遍览《名录图录》的每一幅书影,两千多种古籍的风姿跃然纸上,逼真、鲜活,难以忘怀。如楚简00024《昔者老君》宽篾细纹,污浸余痕;秦简00038《封诊式》、00039《秦律十八种》断缝裂痕,经修复的垫板、捆绳;汉简00049《历谱》、00050《脉书》、00053《诗经》窄条污染,字缺竹弯,墨字难辨;汉帛00097《丧服图》、00098《春秋事语》、00099《战国纵横家书》字残帛缺,糟朽易碎,难以轻轻舒展;00104《五星占》、00113《胎产书》等残帛密对,朱栏断续,裱底凸露;00105《天文气象杂占》、00116《道引图》虽说残损严重,但人、物各异,千姿百态,颜色鲜明;唐写本00119《大般若波罗密多经卷卅》、大理国写本00986《密教观行次第》,乌丝栏界行及潮湿发霉、水浸剥蚀、烟熏尘封的痕迹;后梁贞明写本00137《贤劫千佛名经卷上》,彩绘莲花座上释迦摩尼图像;刻本中眉山麻纸的细密,建安黄纸的粗糙,江西竹纸的连纹;辽版含有金刚杵及祥云纹、宝珠纹的四周双边框,元刻版面的邋遢、墨迹的浑浊;元刻明修本00342《尔雅注疏十卷》、明南监本01739《朱子语略二十卷》的虫蚀图案,嘉靖本01318《诗辑三十六卷》、01543《两汉博闻十二卷》、01544《汉隽十卷》背面字迹正面凸显以及00436宋刻宋元递修本《唐书二百二十五卷目录二卷》的公文纸等特征,都历历在目,给读者一种不是原本胜似原本的感觉。

通过这些书影所展示的墨色品质、字迹刀法、版式特征、装帧形制等,真实地再现了我国书籍史、雕版史的发展轨迹。如经折装的版式,汉文多为半页六行,行与行之间的距离均等,少数民族文字的版式则较为灵活,不仅左右折,上下折,而且折痕处也有不同的处理。
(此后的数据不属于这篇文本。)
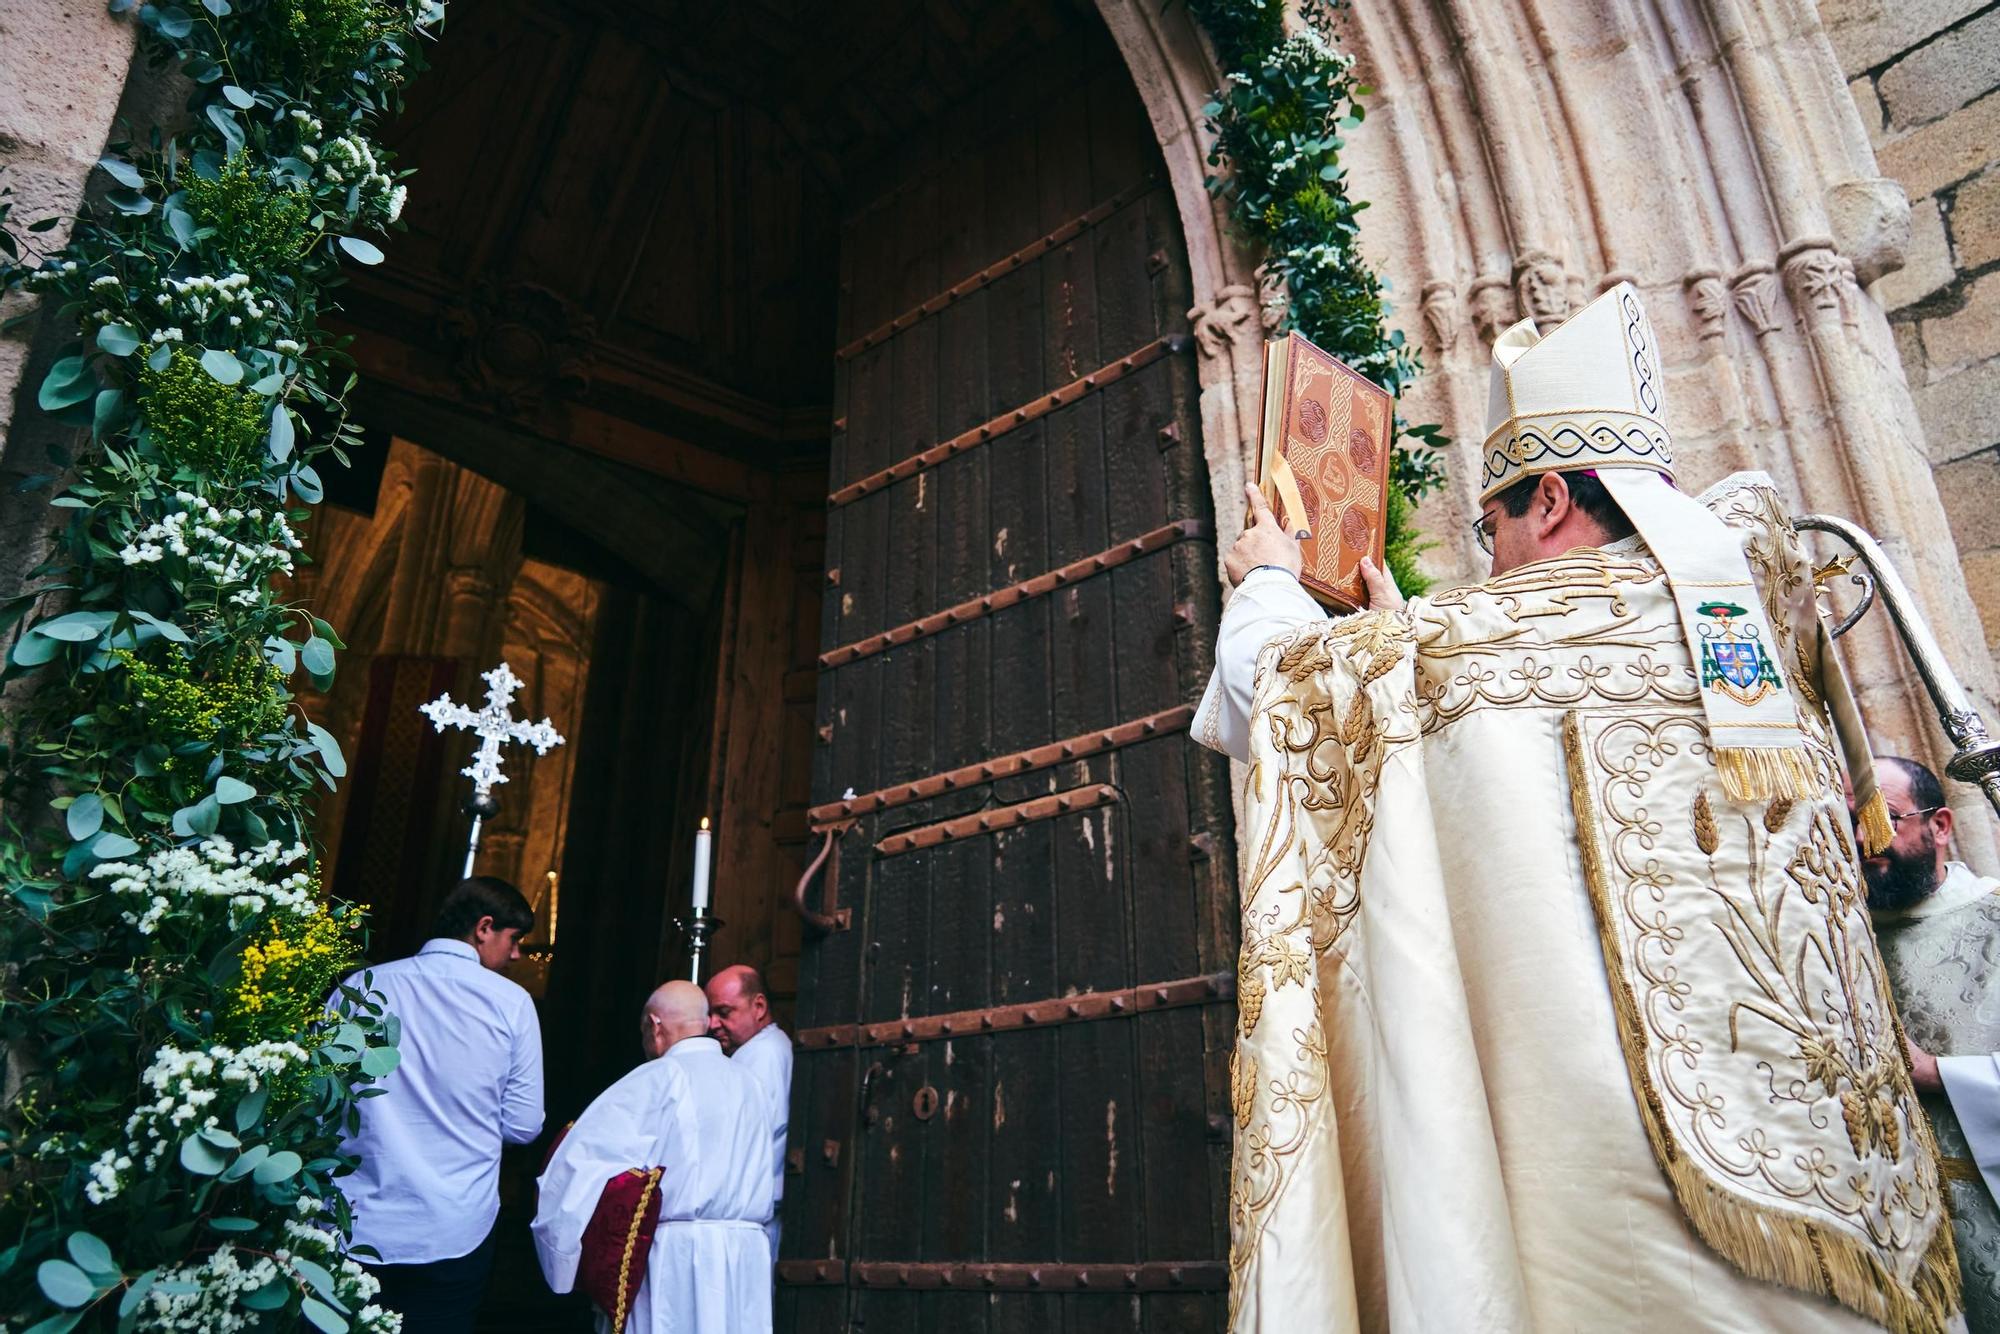 FOTOGALERÍA | Así fue la apertura de la Puerta Santa en la concatedral de Santa María de Cáceres

如回鹘文元刻本02303《药师琉璃光七佛本愿功德经》,半页六行为一折;西夏文元刻本02315《过去庄严劫千佛明经一卷》、02322《妙法莲花经七卷》等,大字每半页六行、小字每半页八行,皆为一折,折与折之间都留有宽于行距的空白处用于折叠;藏文明永乐刻本02290《圣妙吉祥真实明经》则为上下折,汉文序一折七行,每折之间用双线隔开以折叠;藏文一折六行,折与折之间留有适当空白用于折叠,左右双边,此种版式在汉文刻本中极少见到。梵夹装如藏文元刻本02286《因明正解藏论》、明写本02292《苯教经咒集要》、傣文清贝叶经02374《大藏经》、02372《粘向》等的版式设计、左右栏线、页码位置、绳眼及捆绑方式等清晰可见,特别是现藏于西双版纳傣族自治州少数民族研究所的傣文清抄本02373《羯磨说》梵夹式上下折叠,绝世罕见。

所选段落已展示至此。